The core information of the target interface is as follows:
- Request Method:
GET - URL:
https://m.weibo.cn/api/feed/profile - Query Parameters:
uid(Blogger ID, required),page(page number, starting from 1) - Required request headers:
User-Agent(Mobile UA),Referer(blogger’s homepage address),X-Requested-With(XMLHttpRequest, indicating that this is an Ajax request)
3.2 Complete Python implementation code
Combine the general request template with the packet capture results, and then useparselParse the returned HTML fragment to get the complete crawling script:
4. Legal and moral red lines (must read!)

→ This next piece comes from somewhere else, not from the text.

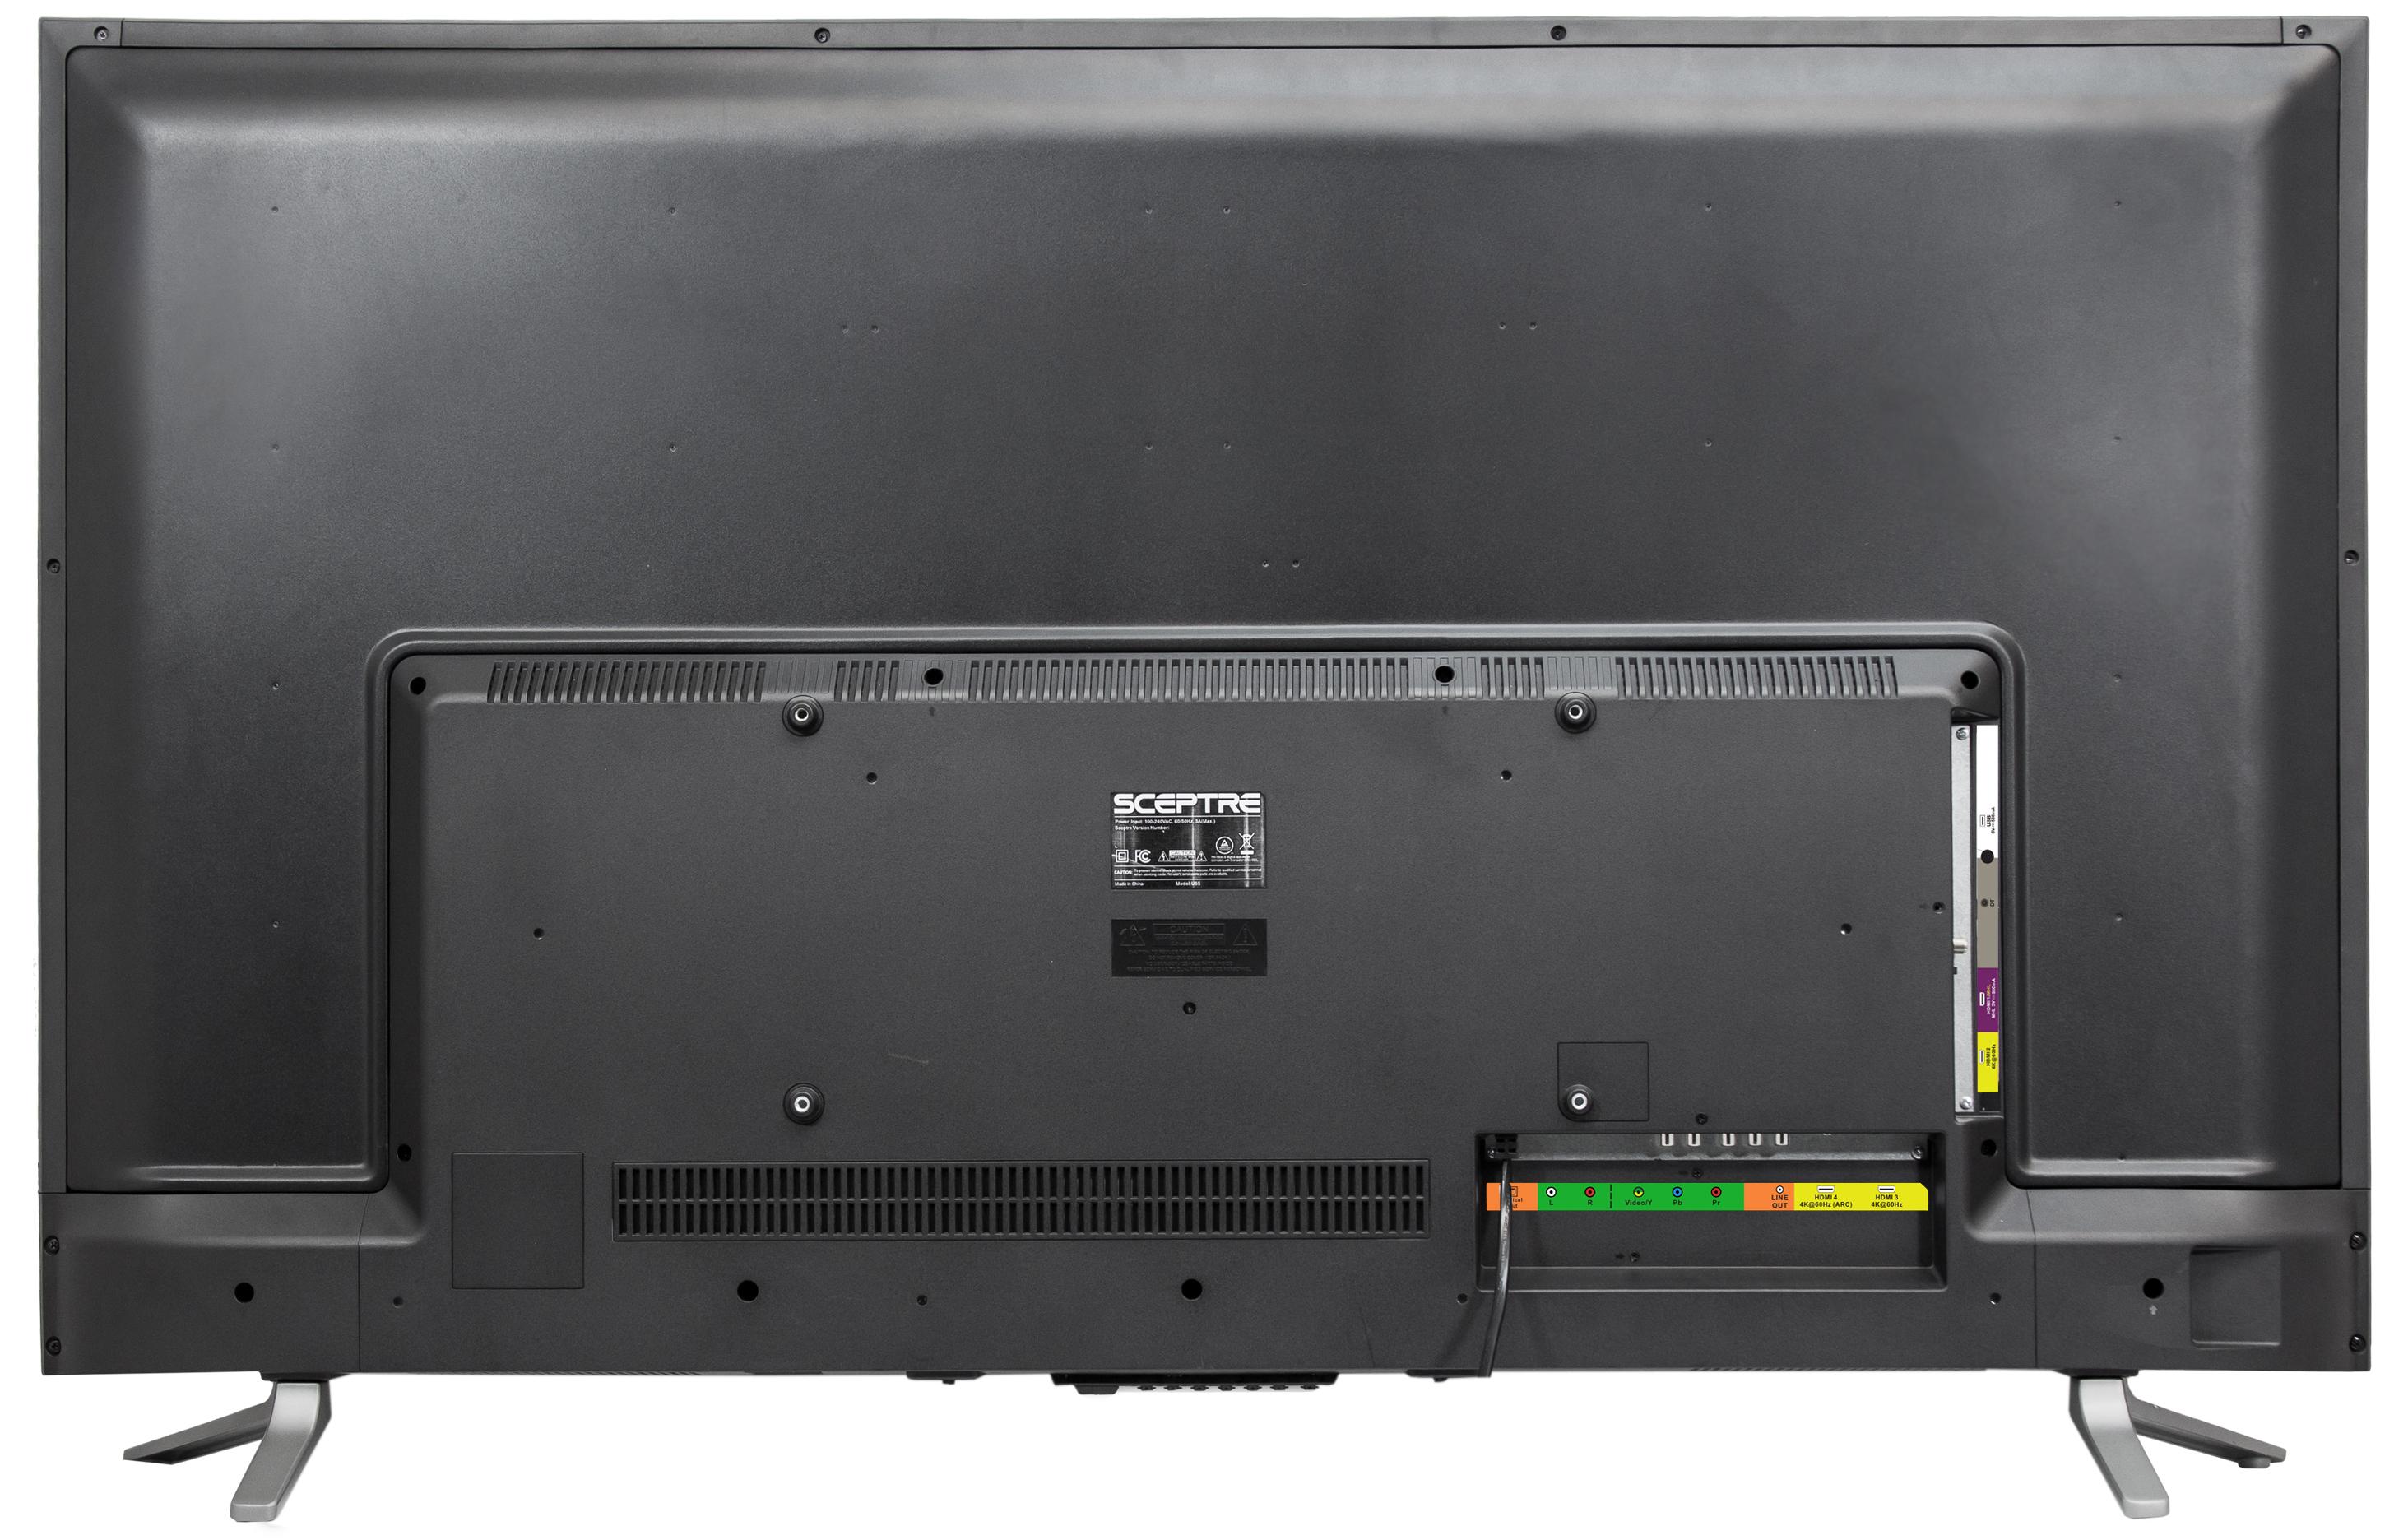 """Sceptre 55"""" Class 4K Ultra HD (2160P) LED TV (U550CV-U) $219 REG. $399 ON WALMART"""

The technology itself is neutral, but those who use the technology must abide by the rules, otherwise serious legal risks may arise. Please remember the following points:
- Comply with robots.txt: Visit the target website before crawling
https://域名/robots.txt, see if the path you want to access is explicitly prohibited. - Set a reasonable crawl interval: It is recommended to at least
3 秒 / 请求, do not put unnecessary pressure on the target server. - Never crawl personal privacy data: such as mobile phone number, ID number, private friend circle or private Weibo, etc.
- Comply with relevant laws and regulations: When collecting data in China, you must comply with laws and regulations such as the Data Security Law, Personal Information Protection Law, and Cyber Security Law.
Summarize
This tutorial takes you from scratch to complete the basics of modern Ajax crawling:
- Use developer tools to find hidden Ajax interfaces (Filter Fetch/XHR → View Preview)
- Complete simulation of browser requests (curl one-click conversion → Add
http2=True) - Entry-level dynamic parameter response (use PyExecJS to execute front-end encryption logic)
- Abide by legal and moral red lines
If you encounter more complex anti-crawling methods in actual combat (such as TLS fingerprint recognition, WebAssembly encryption, behavioral verification codes, etc.), you can follow our subsequent advanced tutorials to overcome the problems step by step!